Ultimately, this crap film masquerading as a comedy deserved to be "assassinated" as one commenter put it in a response at Truthdig.com, because it was neither art or free speech. Showing a living leader's head being exploded and burned up in gory full screen color is not anything any normal, sane human grants as "speech" or "art" - any more than money is speech, and a color photo of a heaping pile of hog shit is art.
But it does show how far along our people - including our leaders- have lost their bearings, their good sense and judgment. More evidence as a whole that our nation - thanks to being pumped by PR and propaganda - is gradually losing its collective mind. The critical thought test currently is only passed by those who agree that this film never ought to have seen the light of day - and to date- I have seen only two lone voices in the media, which is otherwise overwhelmed with this 'free speech' and "artistic license" BS.

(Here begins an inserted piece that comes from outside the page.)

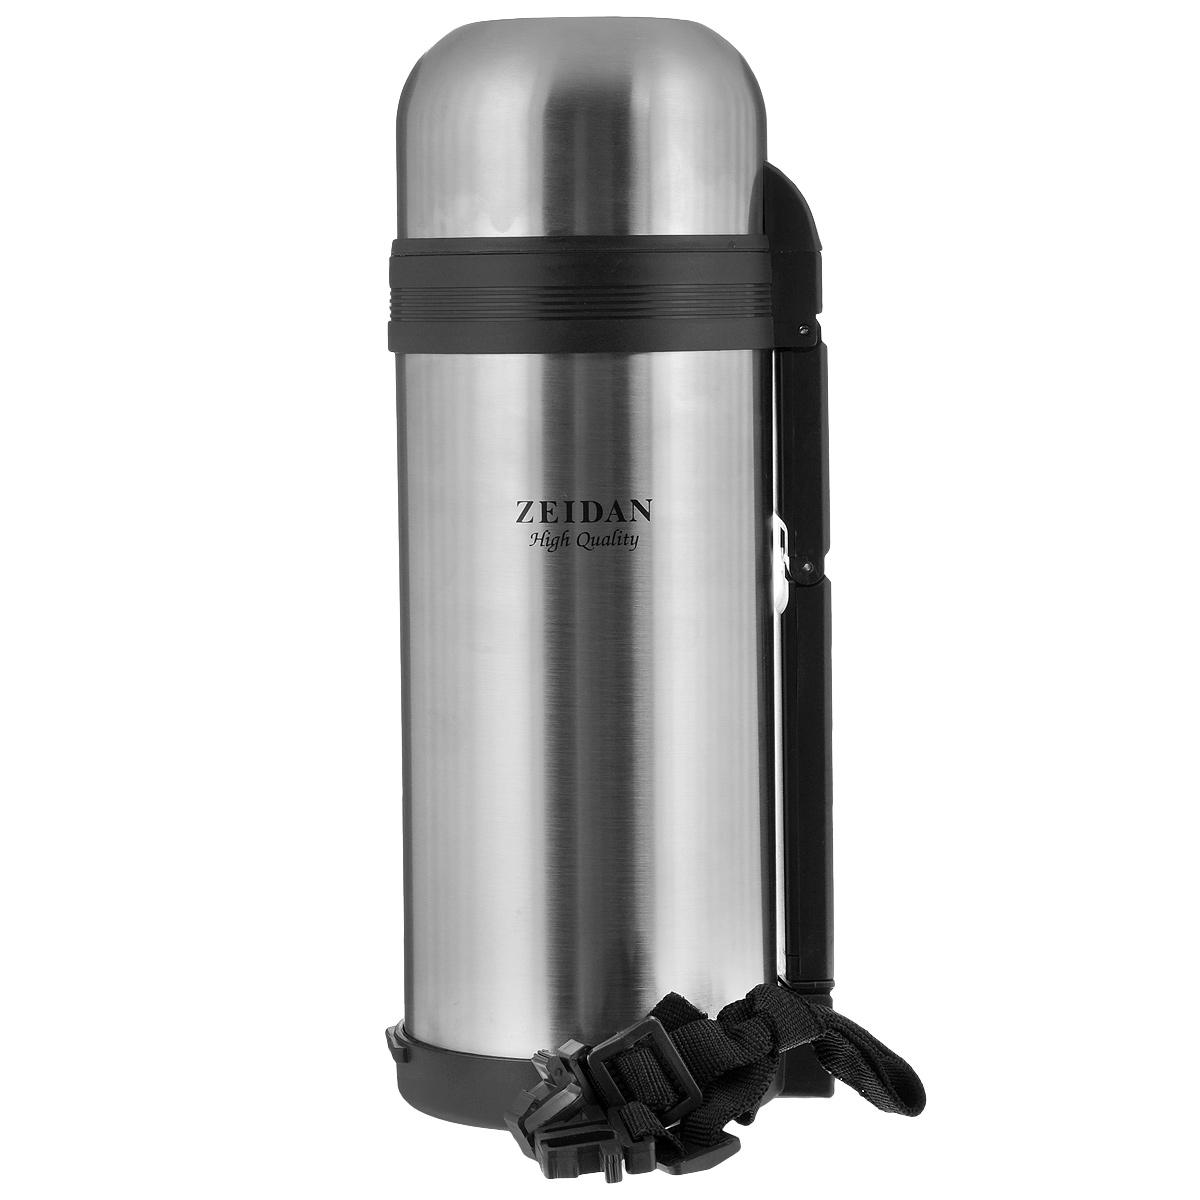 Термос Zeidan Sean, 1,5 лZ-9015 SeanТермос с универсальным горлом Zeidan Sean, изготовленный из высококачественной нержавеющей стали и пластика, является простым в использовании, экономичным и многофункциональным. Термос с вакуумной изоляцией предназначен для хранения горячих и холодных напитков (чая, кофе). Изделие укомплектовано пробкой с кнопкой, дополнительной пластиковой чашей и удобной складной ручкой для переноски. Пробка удобна в использовании и позволяет, не отвинчивая ее, наливать напитки после простого нажатия кнопки. Изделие также оснащено крышкой-чашкой. Легкий и прочный термос Zeidan Sean сохранит ваши напитки горячими или холодными надолго. Высота (с учетом крышки): 29 см. Диаметр горлышка: 7,5 см. Диаметр основания: 10,5 см.

One more point: It would not be wise to instigate a "cyber war" over what one Harvard law prof correctly described as a criminal attack on a lone corporation. Especially as the perceived victim nation does not launch such a war unless it is 100 percent certain all its ducks are cyber-secure and "in a row", including for infrastructure control, power plants and water systems!
See also:
http://www.latimes.com/entertainment/envelope/cotown/la-et-ct-sony-japan-ceo-interview-20141220-story.html
http://brane-space.blogspot.com/2014/12/sony-pictures-should-have-had-sense-not.html
And:
http://brane-space.blogspot.com/2014/12/waaahh-we-caved-in-to-terrists-no.html
And:
http://www.salon.com/2014/12/18/everyone_caved_how_much_of_the_interview_fiasco_is_actually_hollywoods_fault/
Excerpt:
"emails suggest Sony execs remained nervous about the film’s content, especially the ending. On July 9, Lynton wrote to Pascal, “we cannot be cute here,” saying they could work with “no melting face and actually not seeing [Kim Jong-un] die. A look of horror as the fire approaches is probably what we need.” Rogen, while willing to play ball, appears reluctant to completely scuttle the visuals in this Sept. 25 email to Pascal: “There are currently four burn marks on his face. We will take out three of them, leaving only one. We reduce the flaming hair by 50% … The head explosion can’t be more obscured than it is because we honestly feel that if it’s any more obscured you won’t be able to tell its exploding and the joke won’t work.”